### Task to complete
The copy must hold every line from the one with "Characterization of CoB–silica" through the end of the listing, word for word, and must hold no pictures.

### Data
============

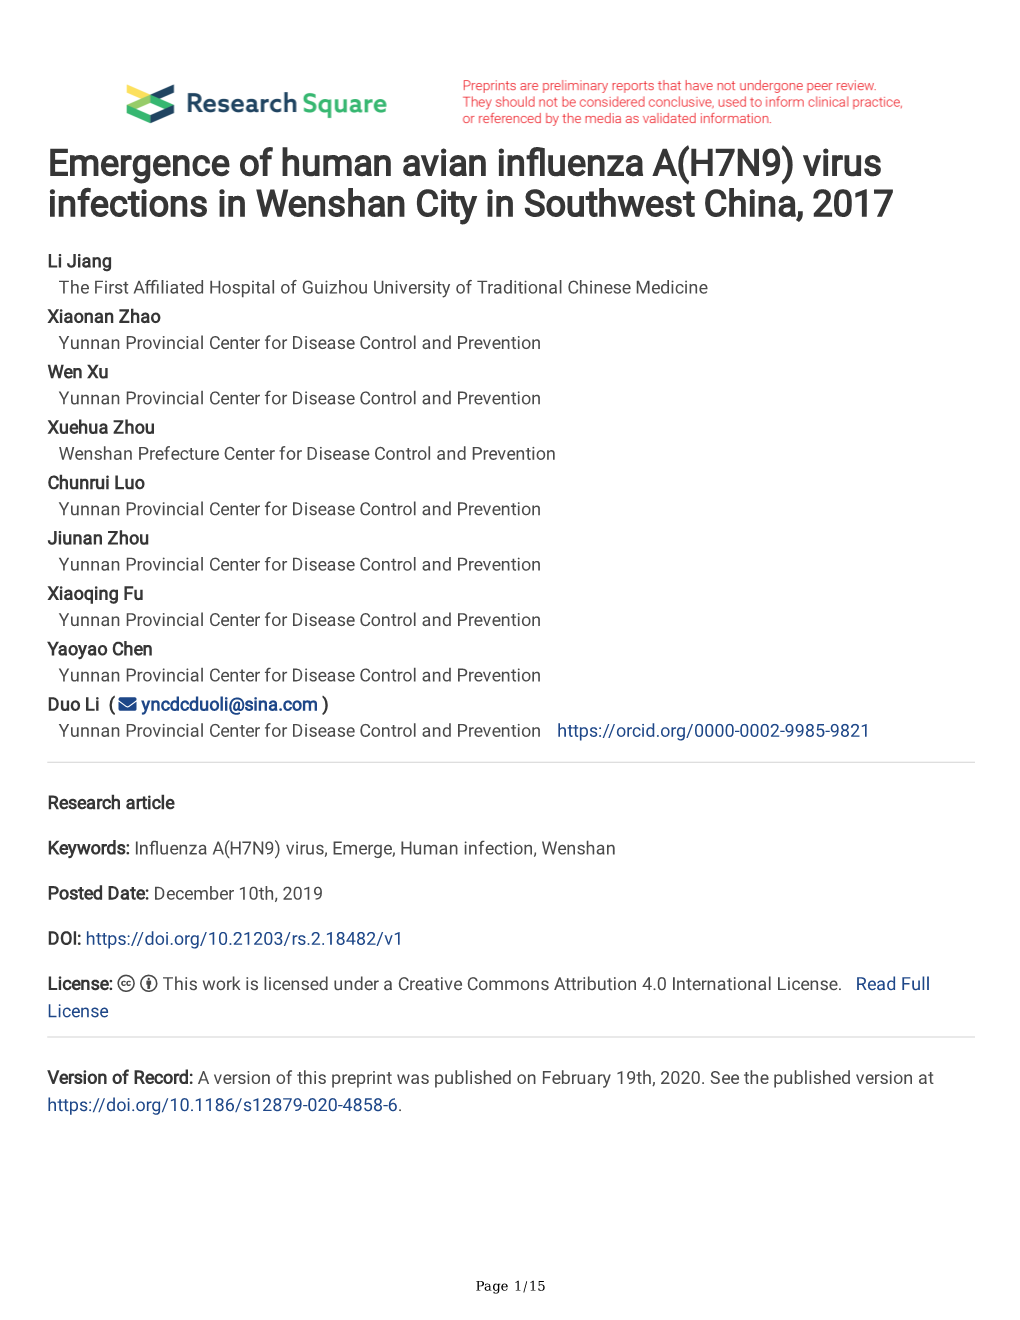 Emergence of Human Avian Influenza A(H7N9)
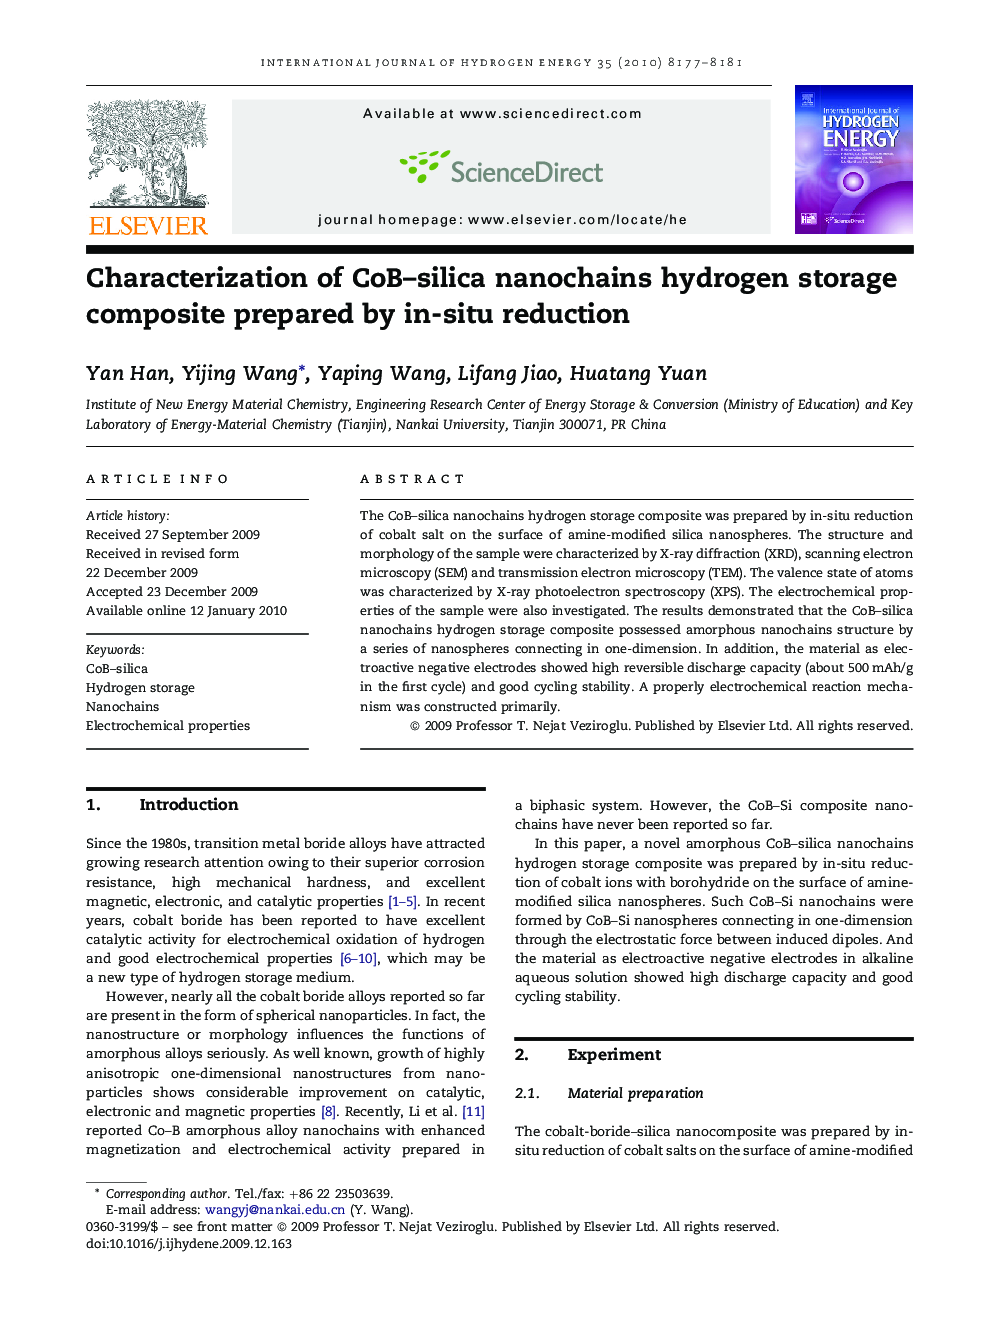 Characterization of CoB–silica nanochains hydrogen storage composite prepared by in-situ reduction
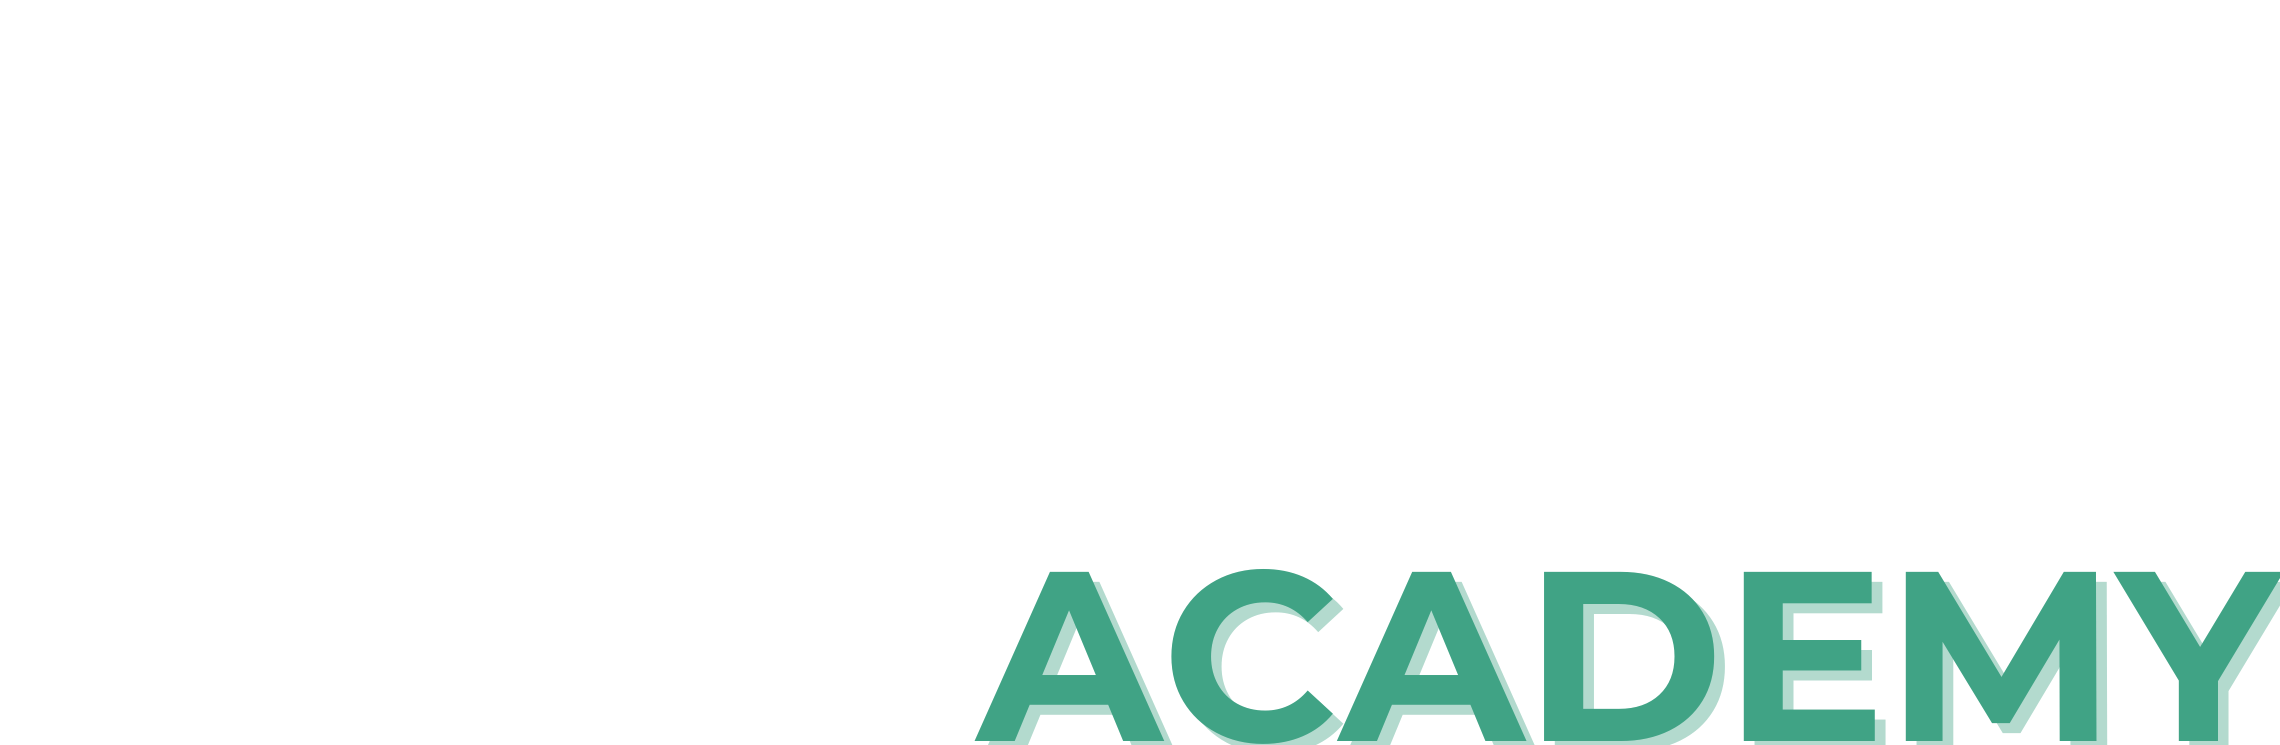 Geex Academy

============

### Answer space
 Characterization of CoB–silica nanochains hydrogen storage composite prepared by in-situ reduction
 Geex Academy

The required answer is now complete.